Cela a également des conséquences sur le rôle du déguisement et la thématisation du genre et de l'identité : dans la pièce de Marivaux (Léonide en Phocion), le déguisement en homme est un moyen stratégique pour la femme d'accéder à Agis. C'est un ressort comique traditionnel qui procure une comédie de situation et une « confusion des genres » sans remettre en question l'identité de genre du personnage. La révélation de sa véritable identité constitue le point culminant dramatique. De même, dans la pièce de Bayamack-Tam (À l'abordage !Sasha se déguise en garçon, mais son « travestissement » est « plus qu'une ruse : il pose un problème au genre ». L'histoire aborde le débat contemporain sur la fluidité des genres. Le déguisement n'est pas un simple stratagème, mais un moyen de subvertir les normes et les attentes de la société. Finalement, dans le roman de Bayamack-Tam, Arcadius Avec Farah, la question de l'identité de genre devient l'expérience existentielle centrale de la protagoniste. Née intersexe, Farah subit une transformation physique qui la laisse ni clairement masculine ni clairement féminine. Elle se décrit comme une « chimère dotée d'ovaires et de testicules d'opérette, une entité inassignable, un esprit libre, un être humain intact ». Son combat contre ses « dysmorphies » et son désir de préserver sa « féminité », malgré le développement de traits masculins, marquent une rupture radicale avec la représentation binaire du genre chez Marivaux et un approfondissement profond du thème de l'identité.
Excursus : Démasquer l'utopie arcadienne
Dans l'œuvre d'Emmanuelle Bayamack-Tam Arcadius La question des réfugiés joue un rôle central – non seulement sur le plan politique, mais aussi comme un moment critique sur le plan esthétique et idéologique : les réfugiés sont le réel au sein du symbolique, leur présence révèle le caractère profondément ambivalent du cadre utopique et libertarien de la communauté de Liberty House et confronte l’idylle supposée à une réalité qu’elle ne peut ni intégrer ni ignorer sans trahir ses propres principes.
Liberty House est conçue par Arcady comme un espace de vie alternatif pour les personnes « fragiles » ou « inadaptées » qui souhaitent échapper aux exigences du monde moderne : surcharge technologique, pression de la performance, aliénation.
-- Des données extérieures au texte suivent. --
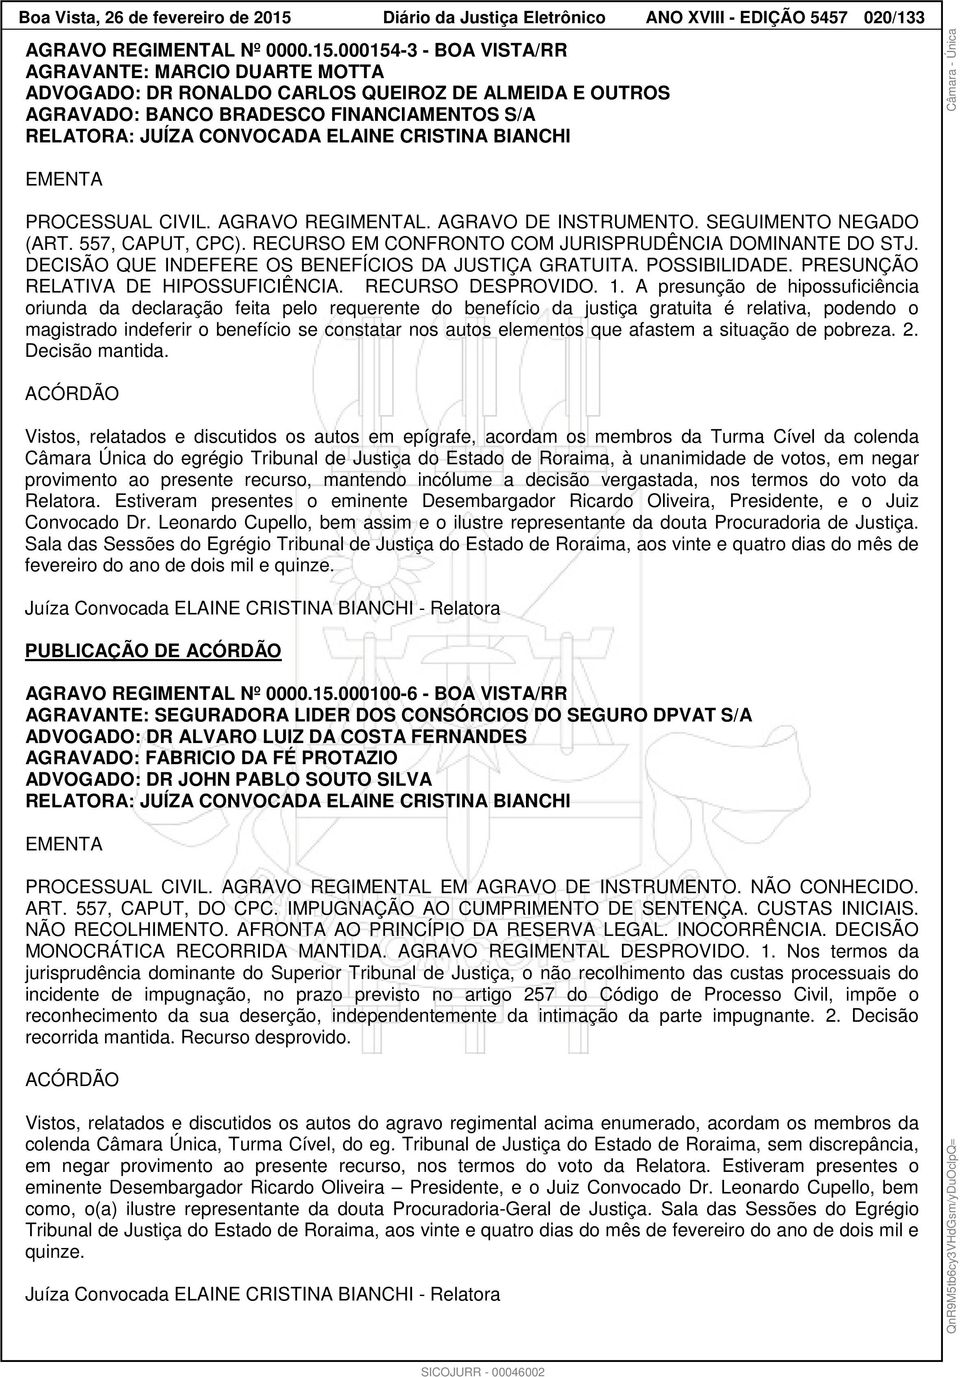 000154-3 - BOA VISTA/RR AGRAVANTE: MARCIO DUARTE MOTTA ADVOGADO: DR RONALDO CARLOS QUEIROZ DE ALMEIDA E OUTROS AGRAVADO: BANCO BRADESCO FINANCIAMENTOS S/A RELATORA: JUÍZA CONVOCADA ELAINE CRISTINA

La famille de Farah s’y réfugie également, par peur, maladie et besoin de protection. Cette communauté se perçoit comme un paradis. Arcadia Au sens originel : un lieu hors de la société, proche de la nature, anti-autoritaire, « blanc » au sens d’une « zone blanche », exempt de rayonnement électromagnétique, de technologie, de violence, d’État et de capitalisme.
Mais c’est précisément dans cette prétention à la pureté et à la séparation que se dissimule l’aveuglement idéologique : Arcadius reproduites – sous une nouvelle forme – des structures exclusives.
La communauté se situe à la lisière des Alpes italiennes, un véritable foyer de la politique européenne d'accueil des réfugiés. Dans le roman, les migrants apparaissent d'abord comme des « êtres d'ombre », des silhouettes fugitives dans la forêt, des perturbations nocturnes au sein d'un paradis. Farah observe comment certains membres de la communauté hésitent face à ces personnes, tandis que d'autres leur ferment leurs portes avec fermeté. Cette tension révèle le double discours du projet utopique : d'un côté, l'hospitalité inconditionnelle est prônée (au sein de la communauté), de l'autre, l'accès est restreint. de l'extérieur Les personnes les plus touchées par l'exil, la violence et l'exclusion sont précisément celles qui en sont privées. Les réfugiés deviennent une figure du Réel au sens lacanien : ils perturbent le « système symbolique » des Arcadiens, leur intégration ne peut se faire sans le détruire – ils remettent en question ses fondements mêmes.
Face à la crise des réfugiés, Liberty House n'apparaît plus comme un havre de paix, mais comme une enclave isolée de privilèges occidentaux, un microcosme d'une société complaisante qui se prétend résistante, sans pour autant prendre le moindre risque. Le refus d'accueillir les migrants marque le moment de la révélation dans le texte : l'amour, la tolérance et l'ouverture tant vantés se révèlent conditionnels, empreints de conscience de classe et exclusifs. L'hospitalité au sein de cette communauté n'est pratiquée que sous certaines conditions : santé, tranquillité, proximité culturelle et compatibilité émotionnelle.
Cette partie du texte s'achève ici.